(Dataset extract)
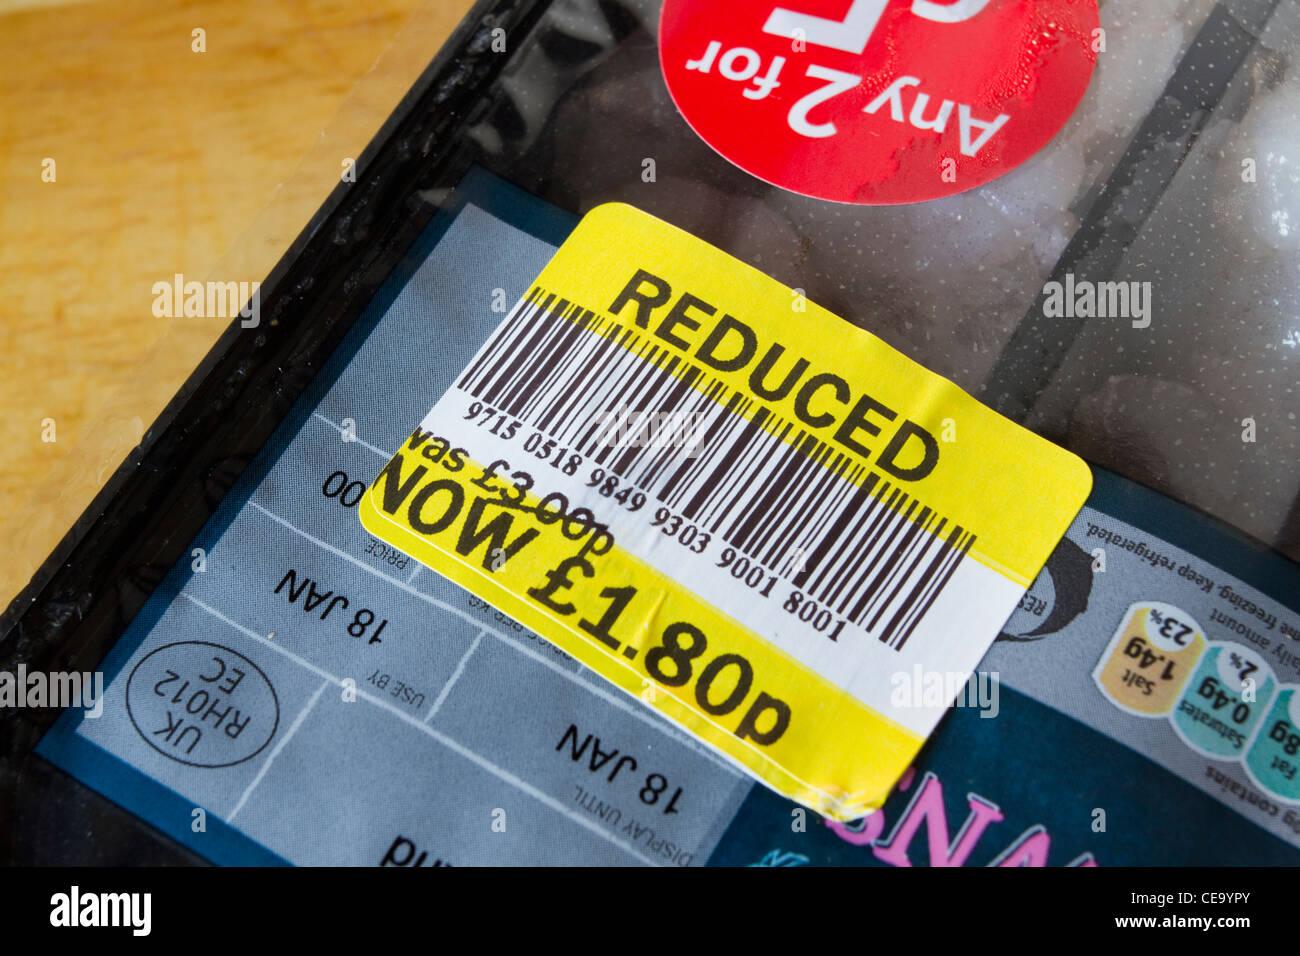 Sainsburys supermarket reduced food discount sticker.  England, UK - Stock Image
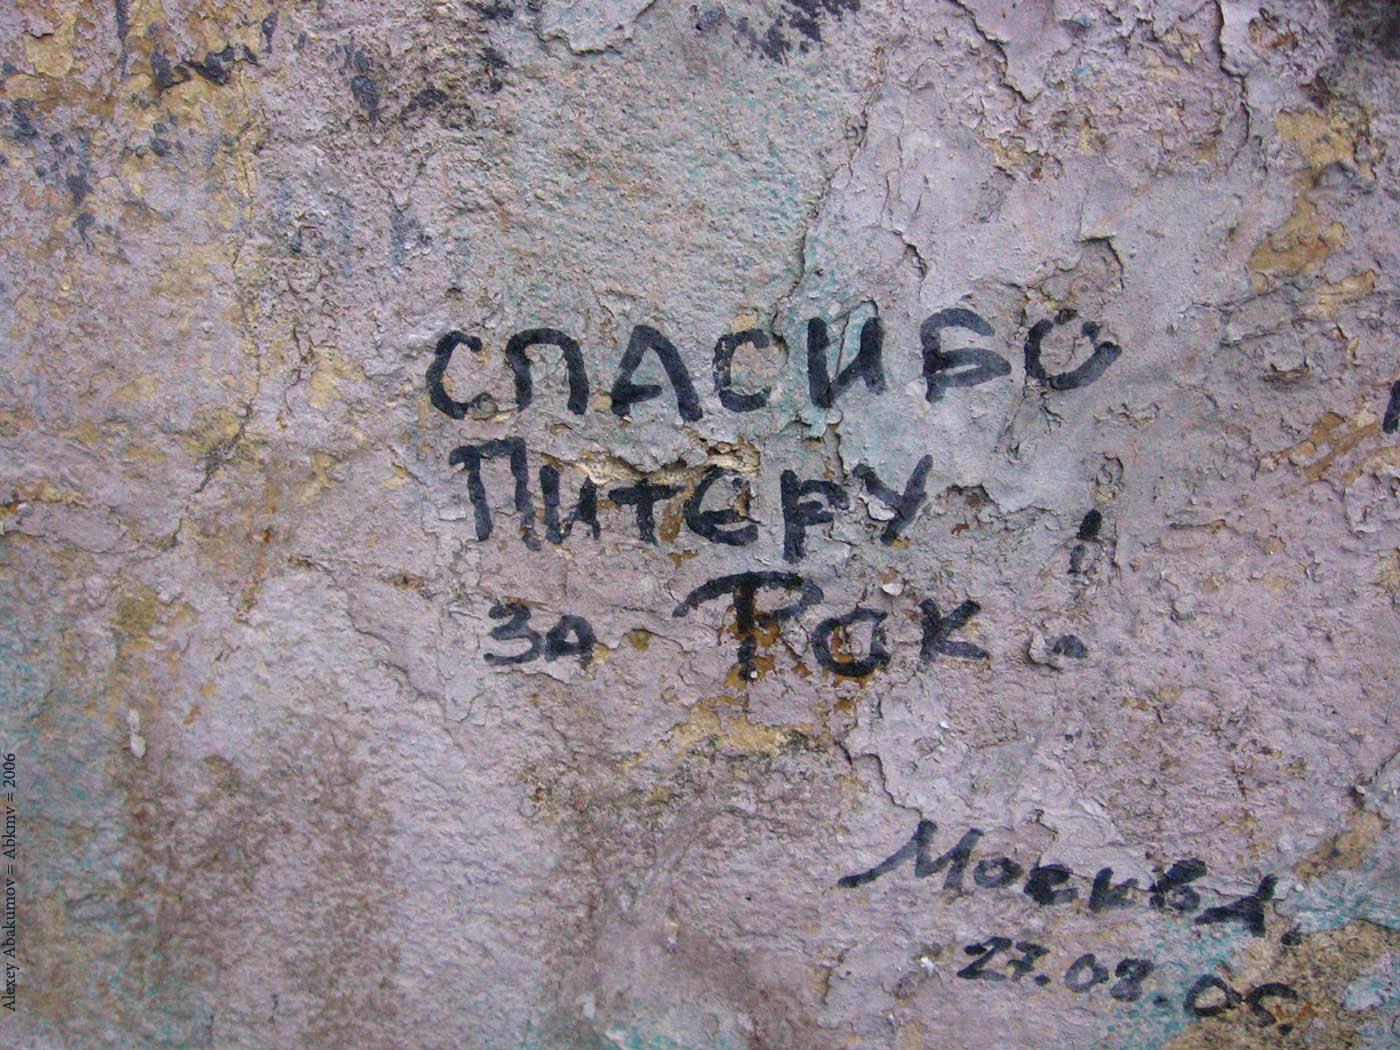 """Спасибо Питеру за рок"". Рубинштейна, 13. Фото: Алексей Абакумов. Санкт-Петербург, 2006 год"
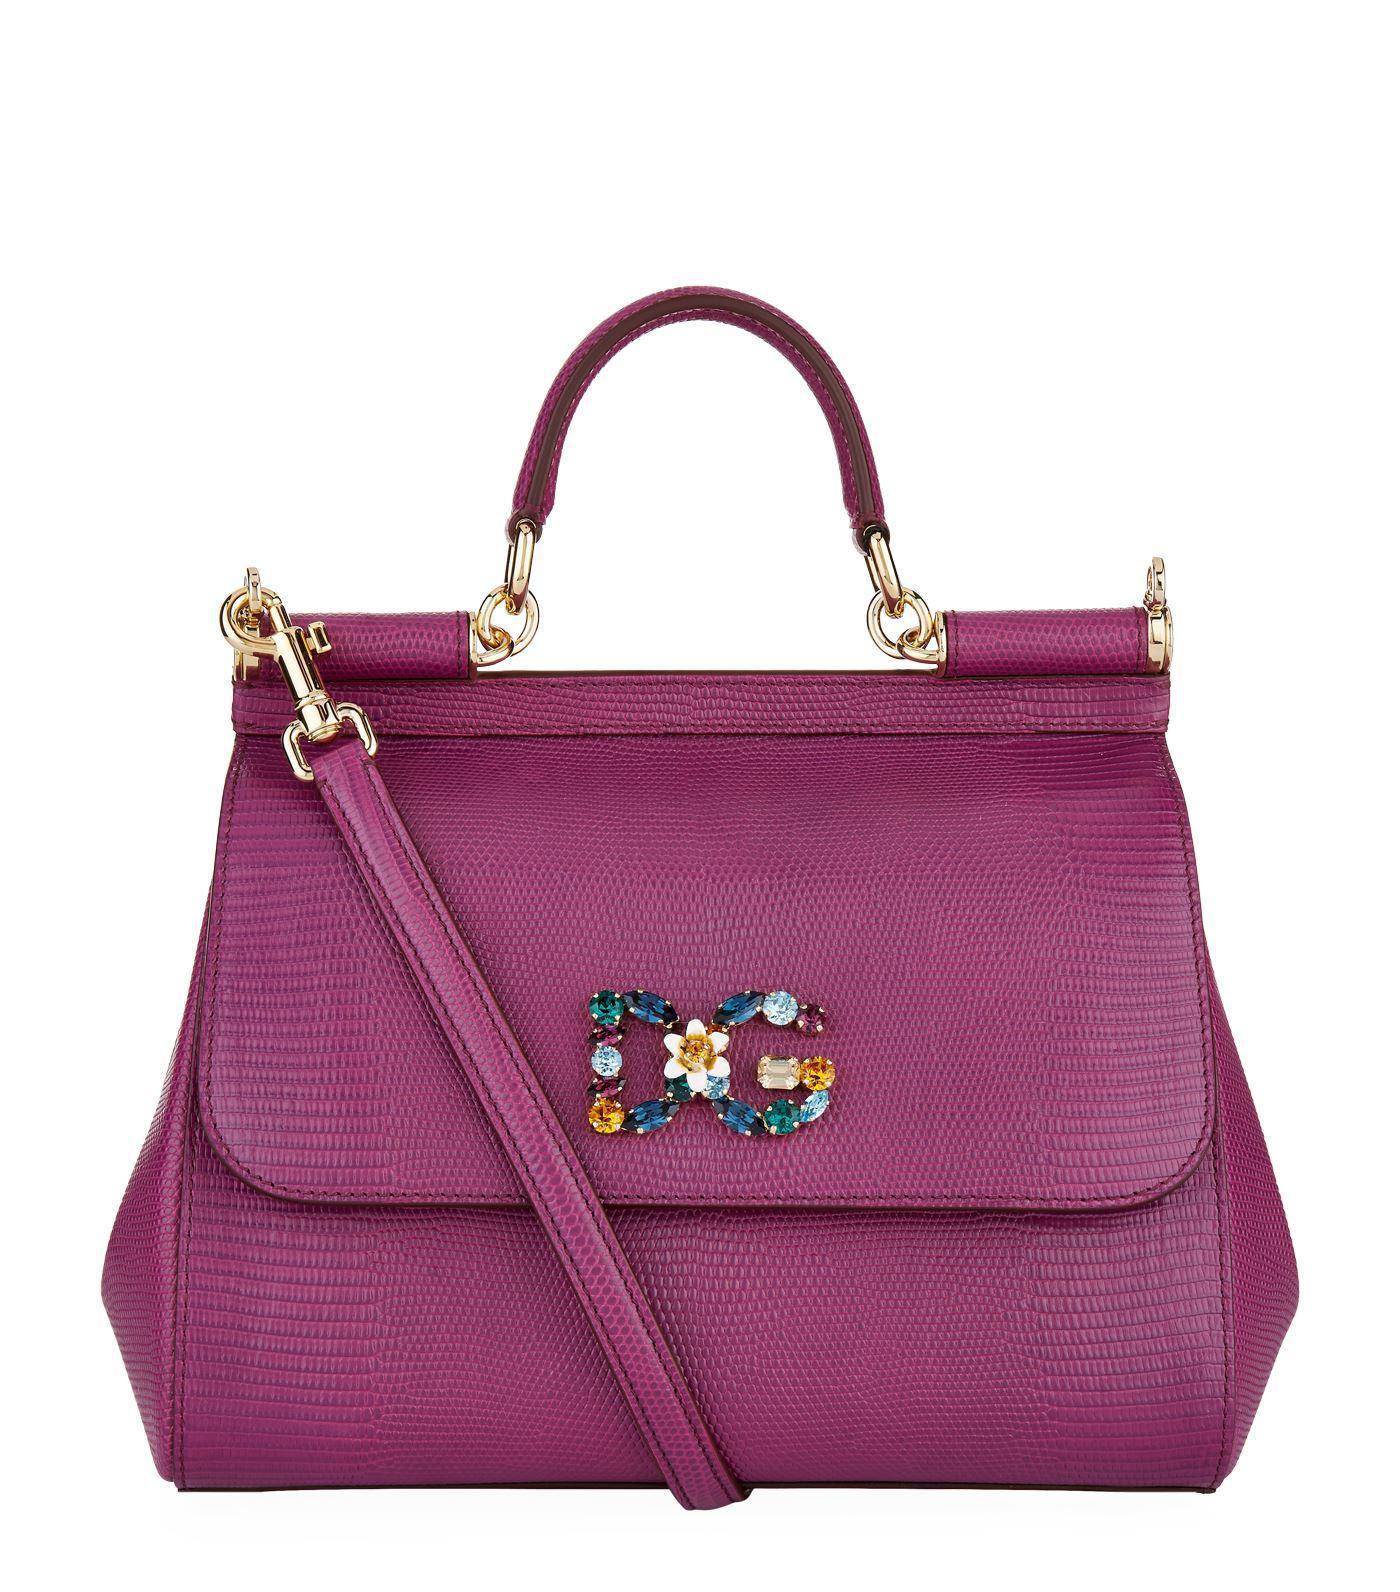 Dolce   Gabbana Medium Iguana Print Sicily Bag in Purple - Lyst 78ed9b8705a
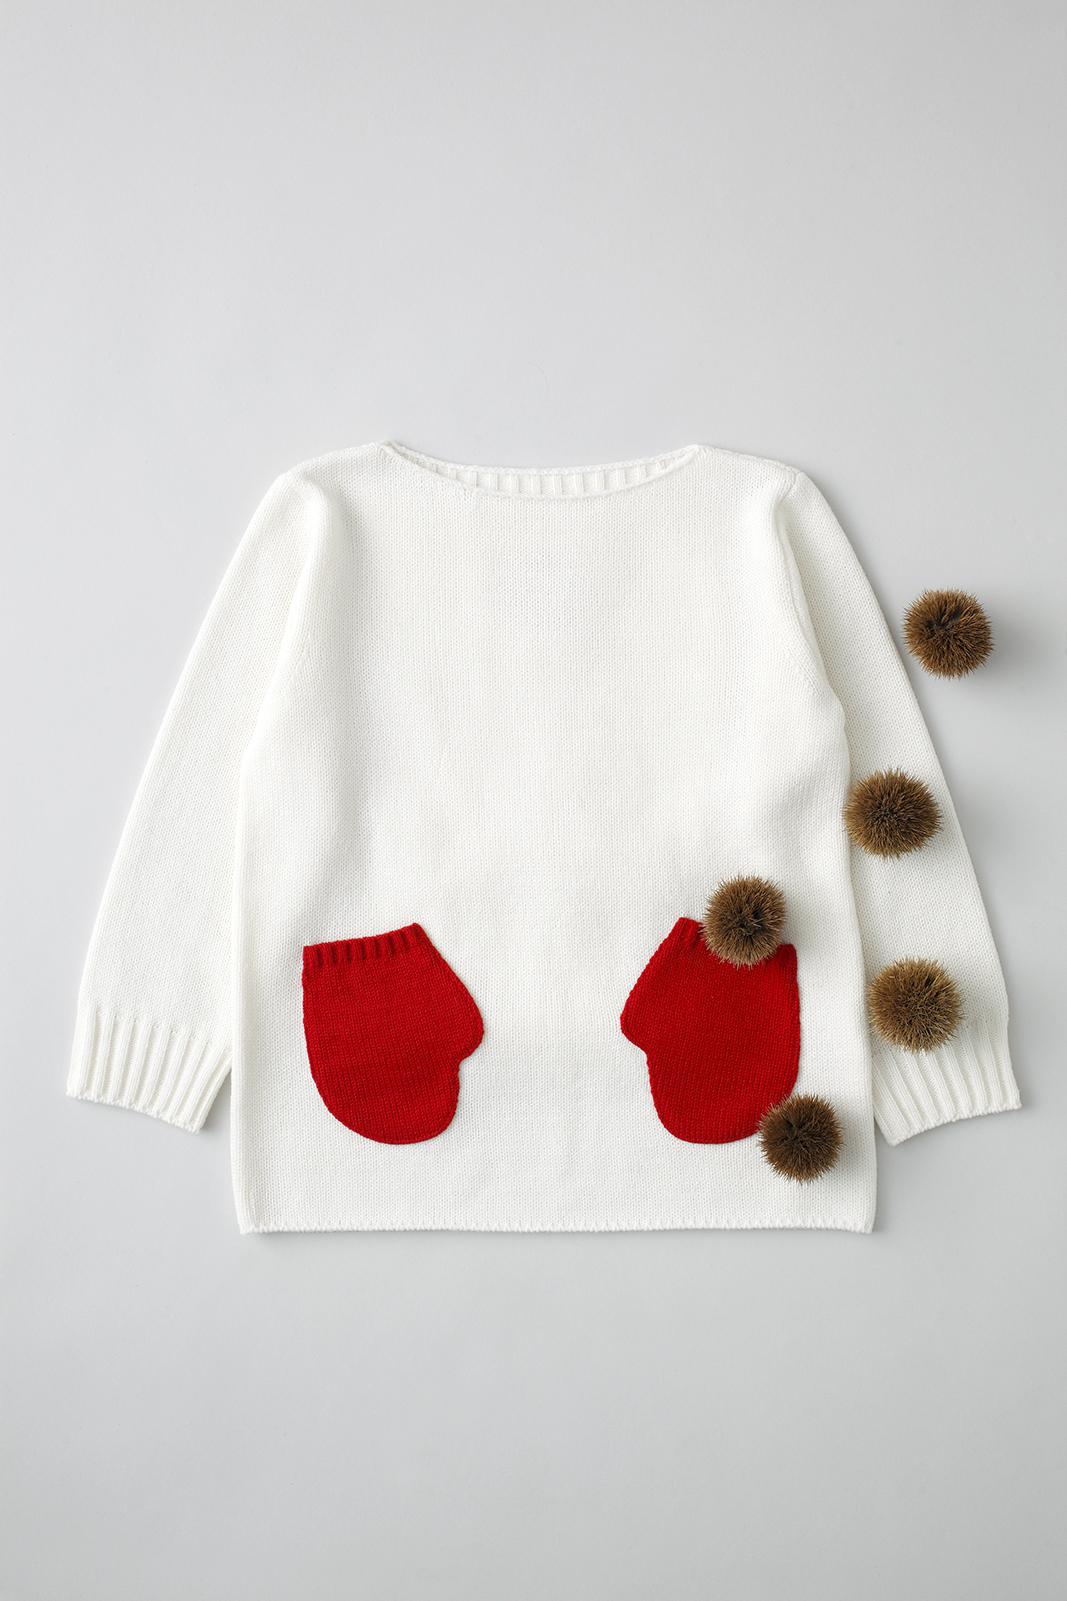 Camphor カンフル ニット knitwear kids こども 子供服 mittensweater

(Problem description) Each line from the one containing "13. Фото: Алексей" to the final line of the data must be printed exactly, both included, with nothing else and no pictures.

(Exercise output)
 """Спасибо Питеру за рок"". Рубинштейна, 13. Фото: Алексей Абакумов. Санкт-Петербург, 2006 год"
 Dolce   Gabbana Medium Iguana Print Sicily Bag in Purple - Lyst 78ed9b8705a
 Camphor カンフル ニット knitwear kids こども 子供服 mittensweater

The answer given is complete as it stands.